Dass die Saison der SG BBM Bietigheim im deutschen Unterhaus noch regulär zu Ende gespielt werden kann, wird immer unwahrscheinlicher.

Während das Leben in Deutschland seit Mittwoch wieder eingeschränkt ist, darf der Profisport wie gehabt weitermachen. Nach Informationen der Sportschau lief der Sport bei der Bund-Länder-Konferenz am Sonntag unter dem Radar und war kein Thema. Damit bleibt in den Ländern die Beschlussfassung vom 2. November in Kraft, dass unter Ausschluss der Öffentlichkeit weiter gespielt werden darf. Gejubelt haben dürften bei der Entscheidung der Politik natürlich auch die Verantwortlichen der Handball-Bundesliga (HBL), die aufgrund zahlreicher coronabedingter Spielabsagen ohnehin schon erhebliche Probleme bei der Planung der restlichen Saison haben.

24 Spiele ausgefallen

„Die Luft wird immer dünner“, hatte HBL-Präsident Uwe Schwenker deshalb auch bereits vor wenigen Tagen den Kieler Nachrichten gesagt.
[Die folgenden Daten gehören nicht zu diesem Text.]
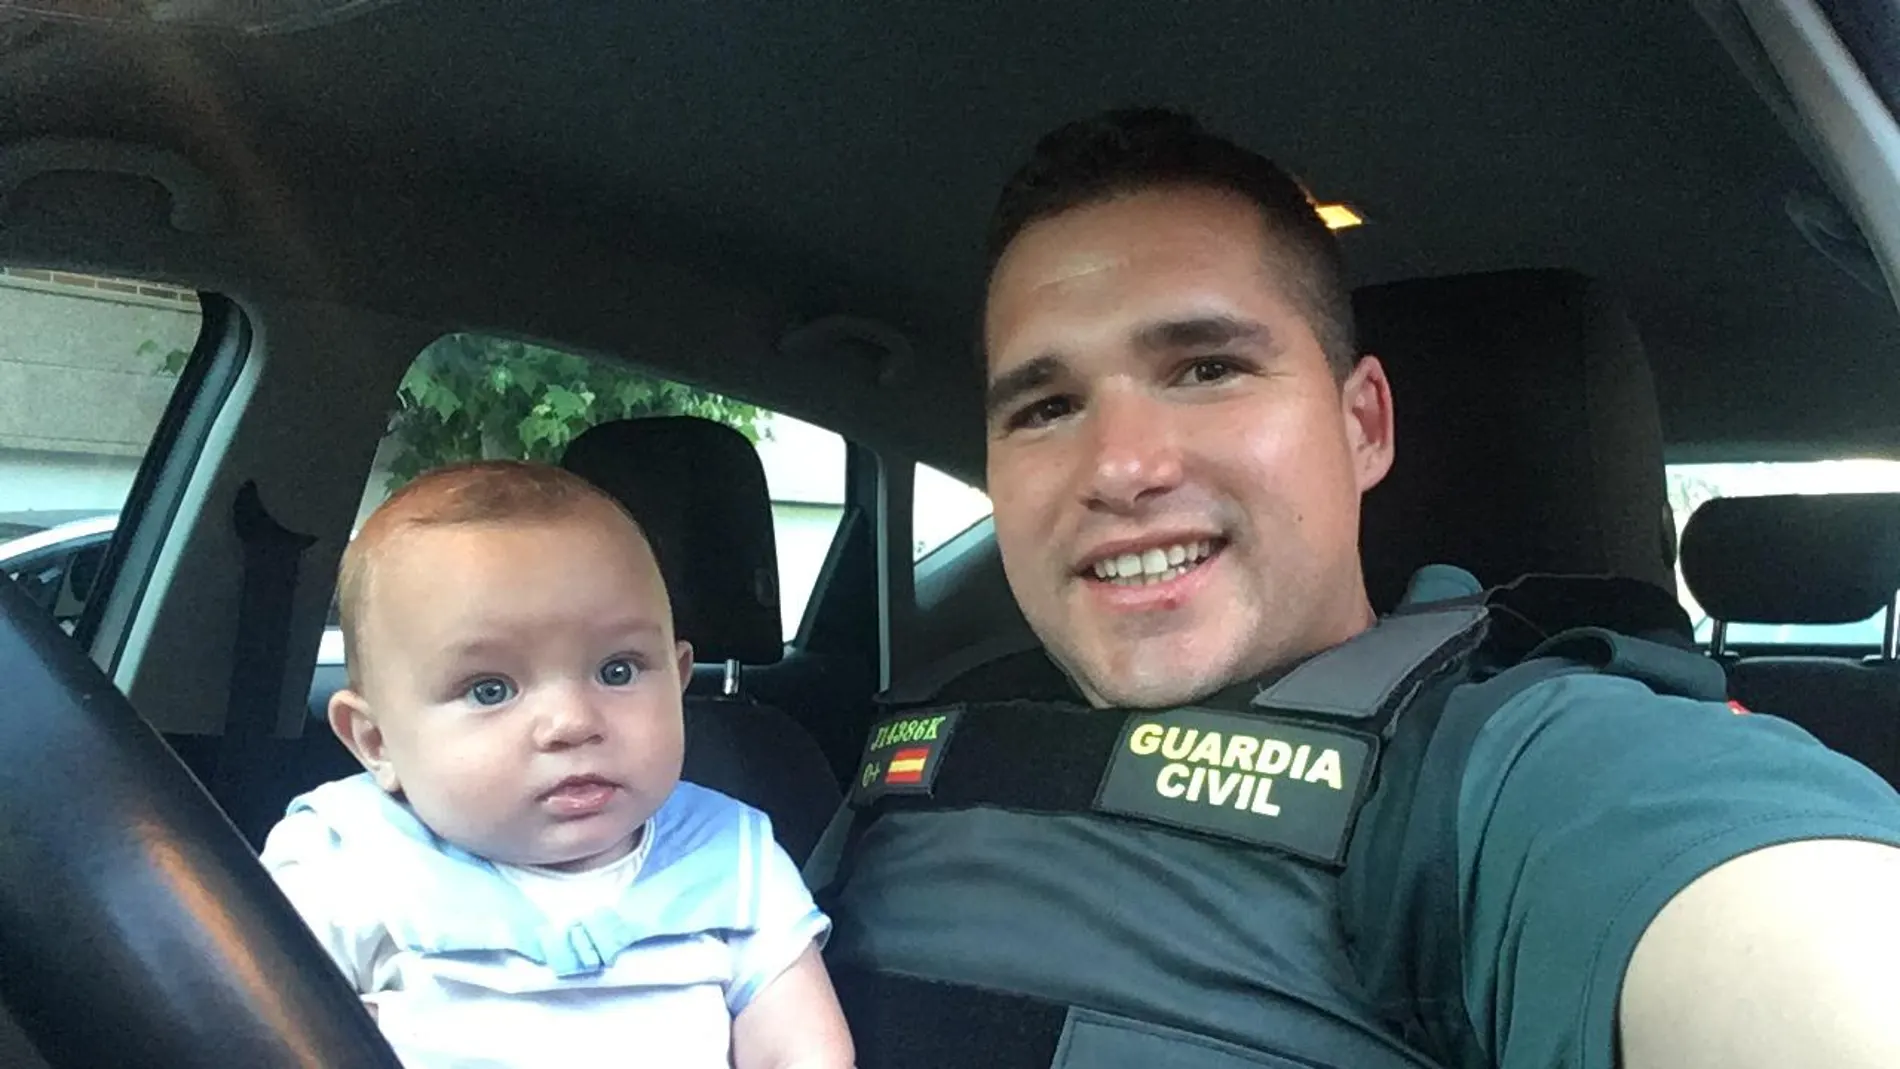 El guardia civil junto al bebé al que salvó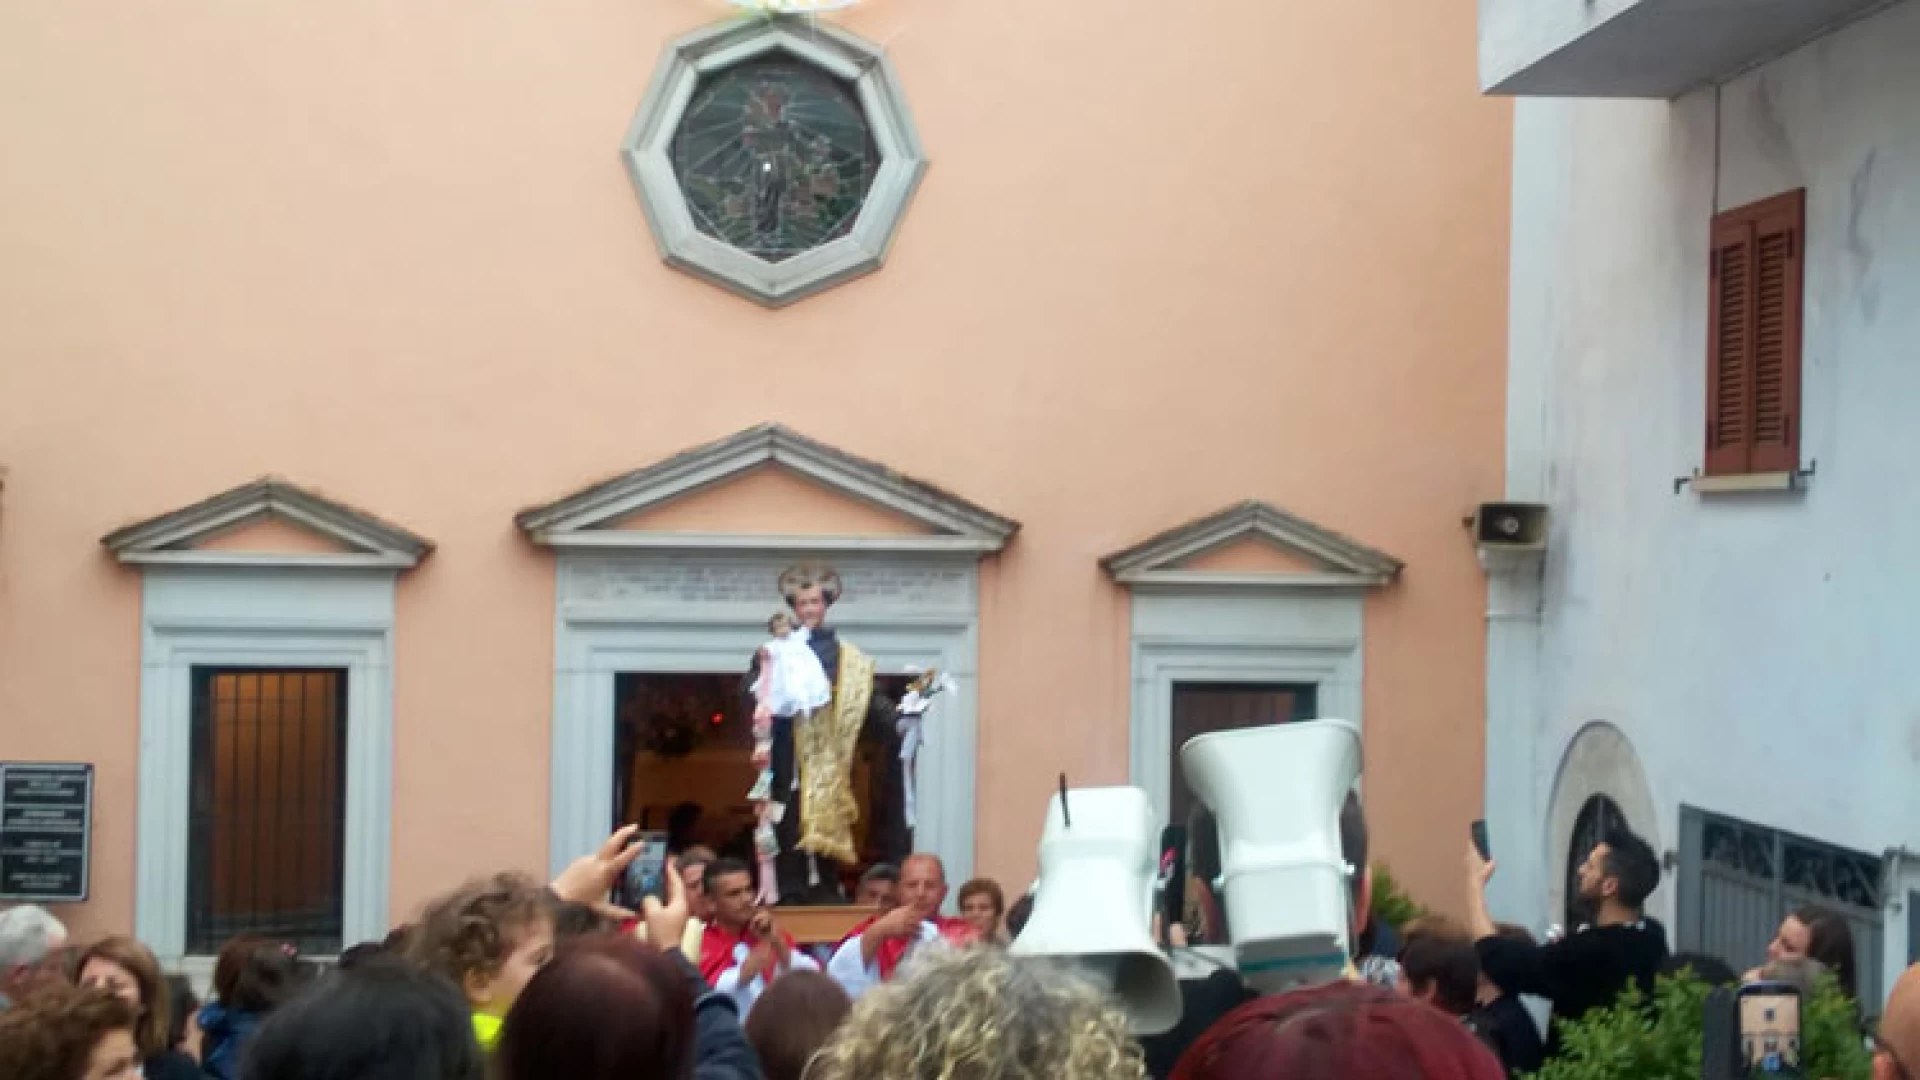 Colli a Volturno: fede, tradizione e musica si uniscono nei solenni festeggiamenti dedicati a Sant’Antonio da Padova. Successo per i Cugini di Campagna.

Doch im Vergleich zur Zweiten Bundesliga steht das Oberhaus, auf das sich Schwenker im Interview in erster Linie bezogen hatte, noch gut da. Satte 24 Spiele in der 2. HBL fielen aus. Lediglich fünf Partien waren bis zum Wochenende nachgespielt worden. Zuletzt meldete der DJK Rimpar Wölfe mehrere Coronafälle, weshalb die nächsten drei Partien der Wölfe ins Wasser fallen. „Natürlich hat uns die schlechte Nachricht aus Rimpar das Wochenende verhagelt. Uwe Schwenker hat recht, wenn er sagt, dass die Luft dünner wird. Dazu reicht ein Blick auf die derzeitige Gesamtlage“, sagt auch HBL2-Sprecher Oliver Lücke auf Nachfrage der Bietigheimer Zeitung.

SG BBM besonders betroffen

Besonders von den Ausfällen betroffen ist die SG BBM Bietigheim. Erst sieben Saisonspiele hat der Tabellendritte der Vorsaison einschließlich der Nachholpartie vom Mittwochabend gegen den VfL Lübeck-Schwartau bislang bestritten. Kein Team hat weniger. Zum Vergleich: Der Dessau-Rosslauer HV hat bereits zwölf Begegnungen absolviert. Und dennoch gibt sich Lücke zumindest öffentlich optimistisch, dass die Spielzeit noch regulär beendet werden kann: „Wir halten es nach wie vor für möglich, dass es uns gelingen kann, alle Spiele dieser außergewöhnlichen Saison bis Ende Juni des nächsten Jahres zu absolvieren.“

Entscheidend werde dabei sein, „wie umfangreich die 2. HBL in den kommenden Wochen von weiteren Infektionen betroffen sein wird. Dies haben wir zumindest ein Stück weit in eigenen Händen. Wir müssen jetzt alles daran setzen, dass sich jeder einzelne direkt Beteiligte sich sehr genau an geltende Bestimmungen, insbesondere an unser detailliertes Hygienekonzept hält. Wenn wir das nicht tun, ist unser Spielplan wie ein nasses Stück Seife“, so Lücke, der dennoch für den Fall der Fälle auch einen Plan B in der Tasche haben will: „Zu einem Krisenmanagement gehört es auch, alternative Szenarien zu erarbeiten. Dies tun wir auch für die Fortsetzung der Spielzeit nach Ende der WM-Pause. Die Empfehlung der AG-Spielbetrieb hat beispielsweise dazu beigetragen, das wir uns entschlossen haben, den Spielbetrieb unabhängig von Zuschauern zunächst bis Weihnachten fortzusetzen“.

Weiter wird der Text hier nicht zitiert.